→ **Aim of the task**
Your task is to retype, exactly, the line containing "Swargadwar - Hindi" and every later line through the end of the listing, with pictures omitted.

→ **Recorded information**

##########

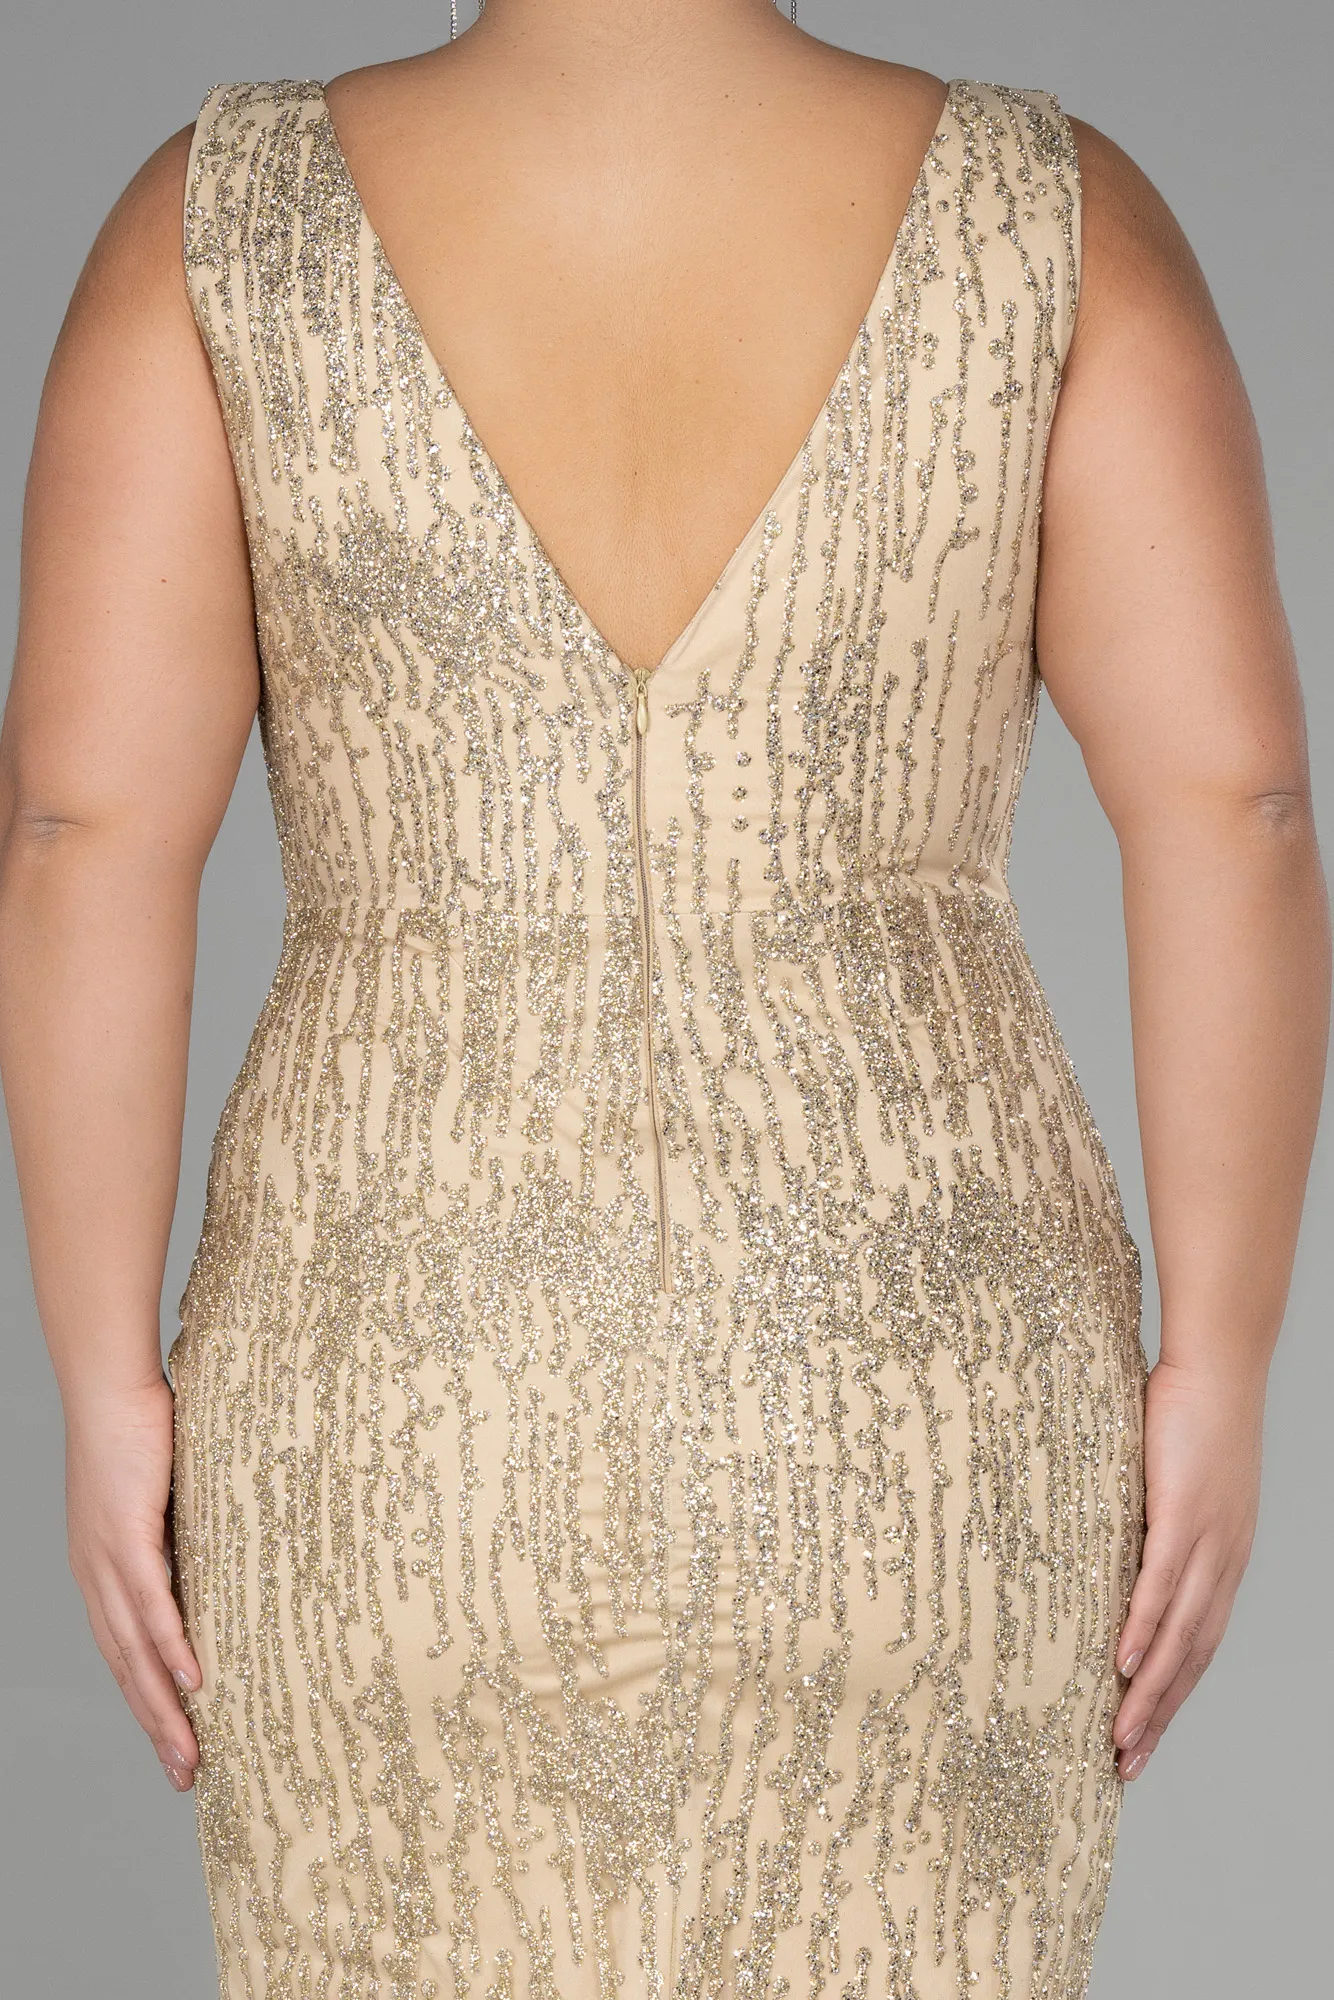 Gold-Long Plus Size Engagement Dress ABU3368
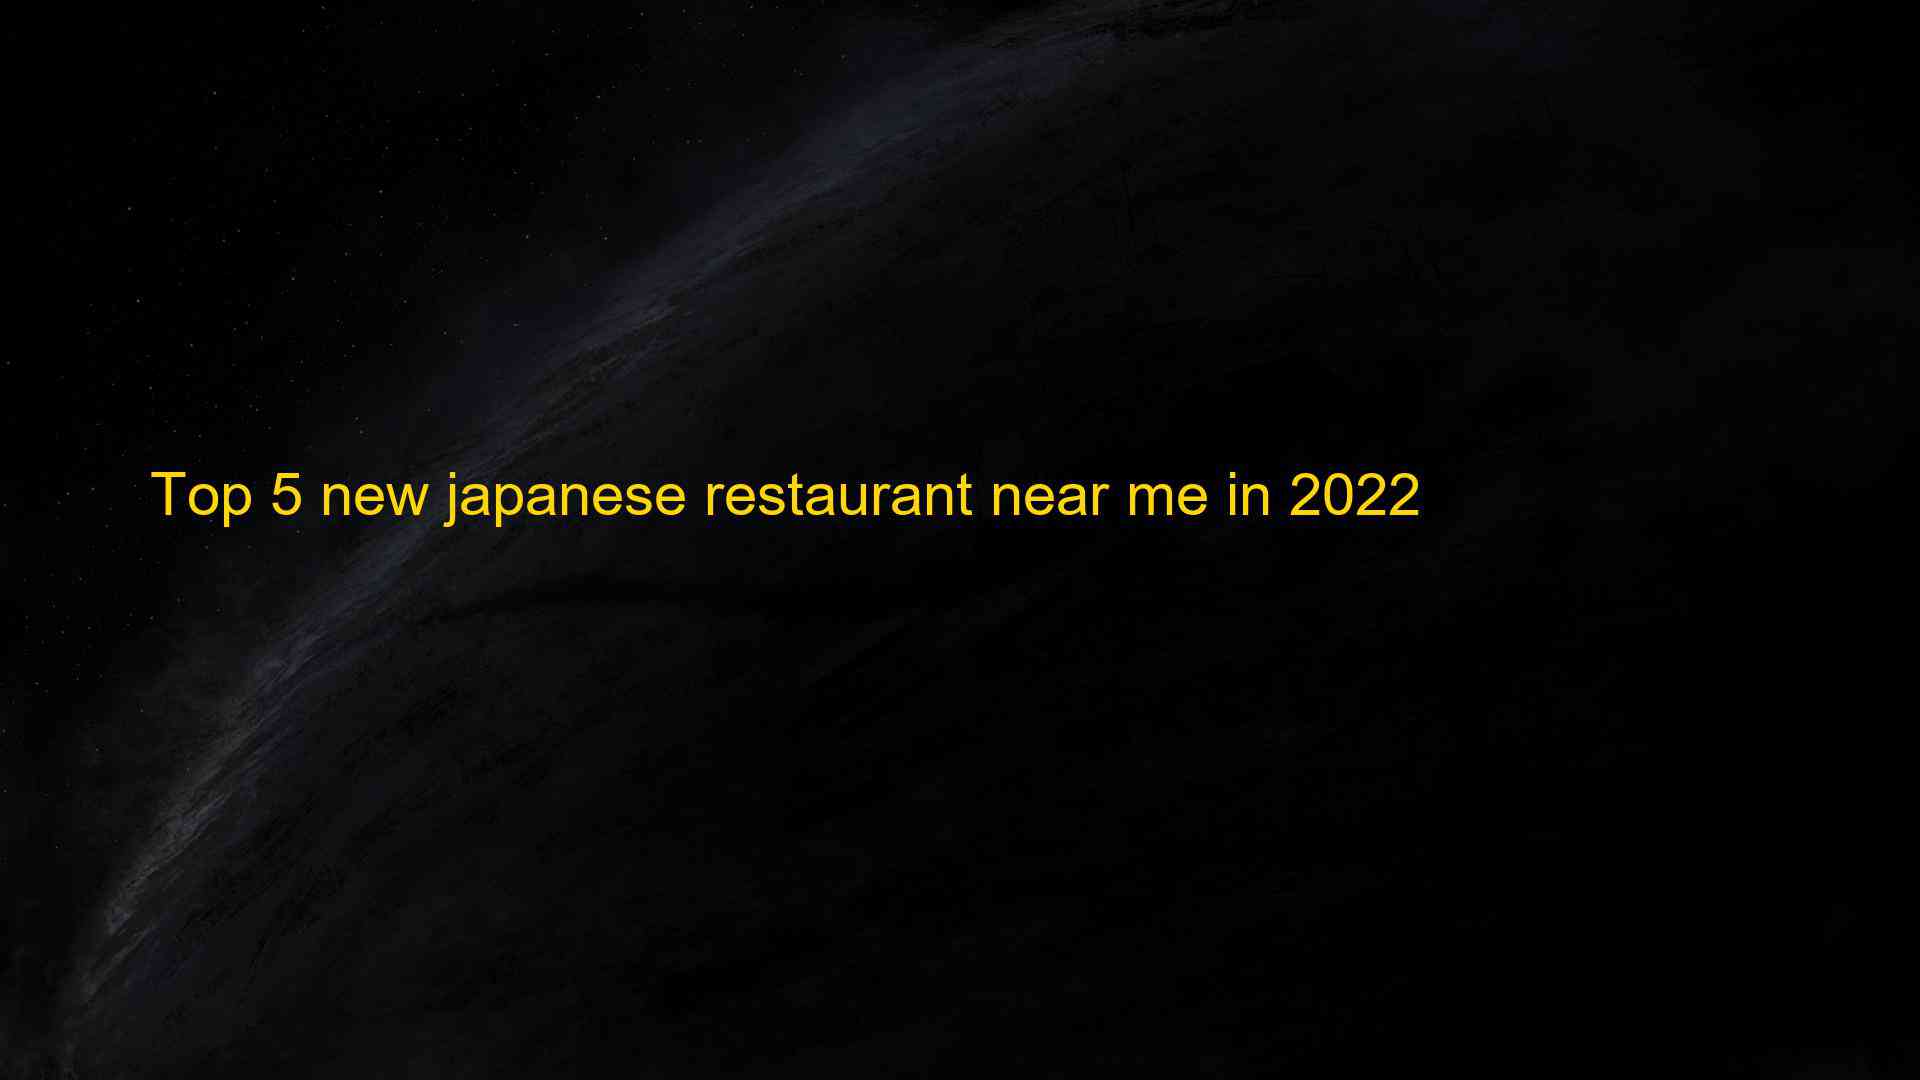 Top 5 new japanese restaurant near me in 2022 1663524557
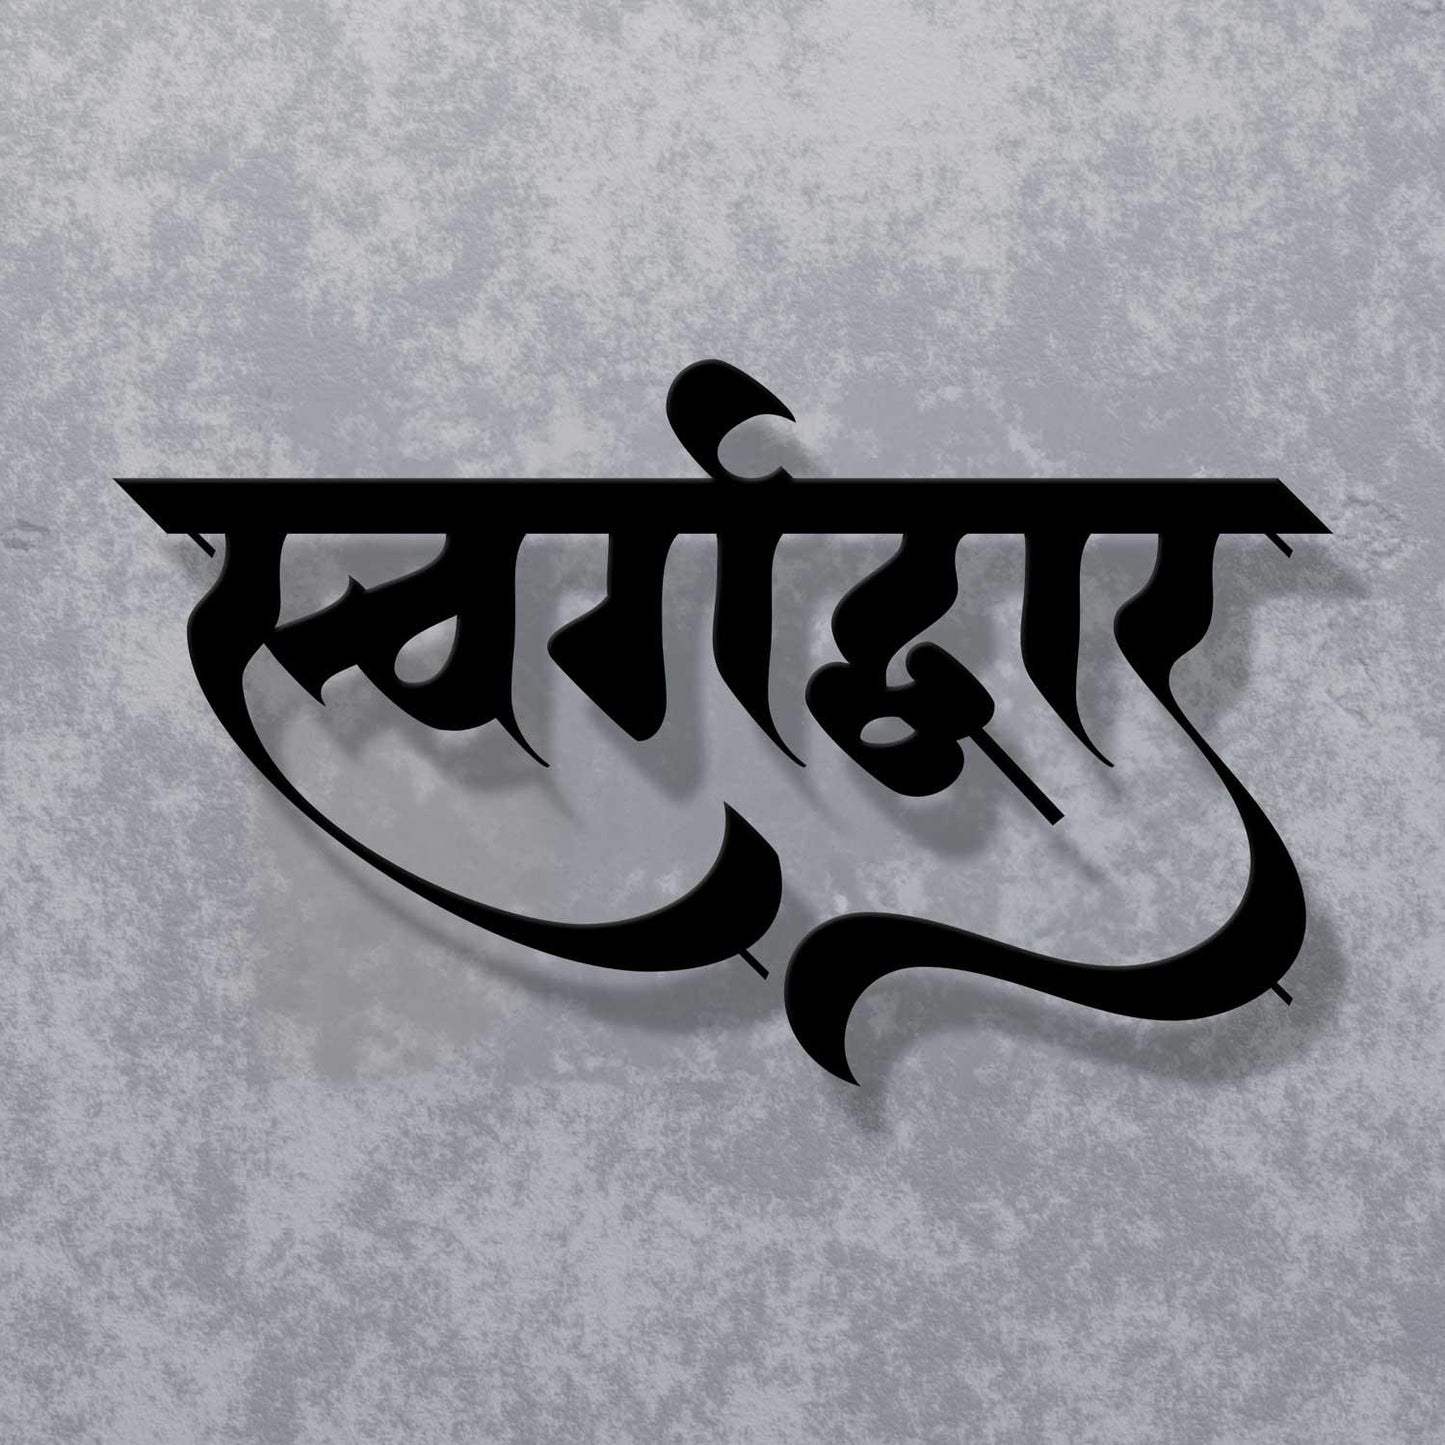 Swargadwar - Hindi Calligraphy Cutout Steel Name Plate - Housenama
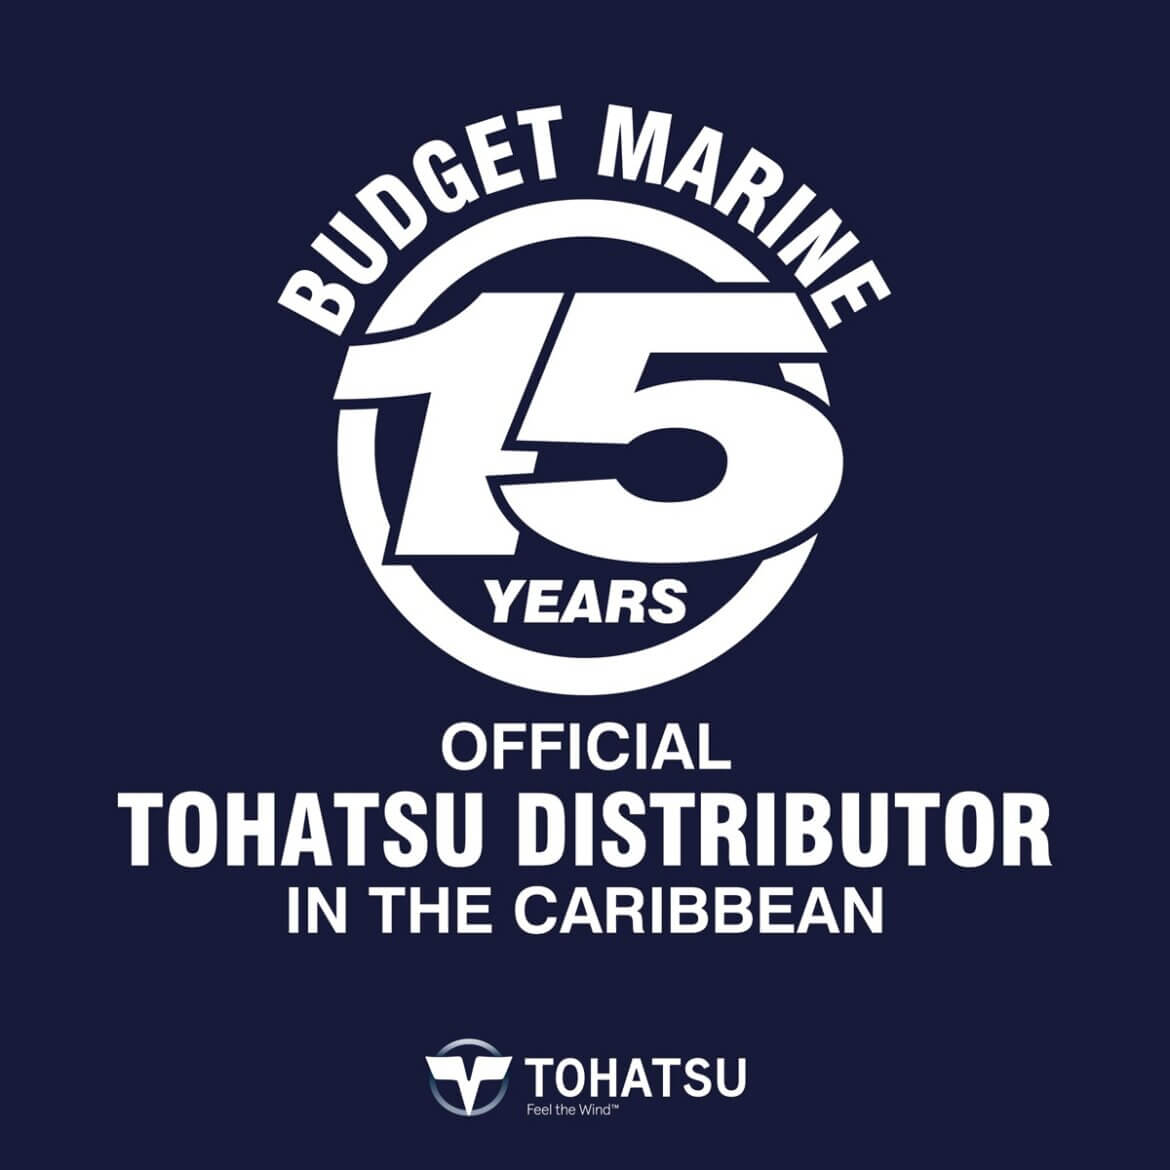 Budget Marine Trinidad 8

##########

→ **Your solution**
 Swargadwar - Hindi Calligraphy Cutout Steel Name Plate - Housenama
 Budget Marine Trinidad 8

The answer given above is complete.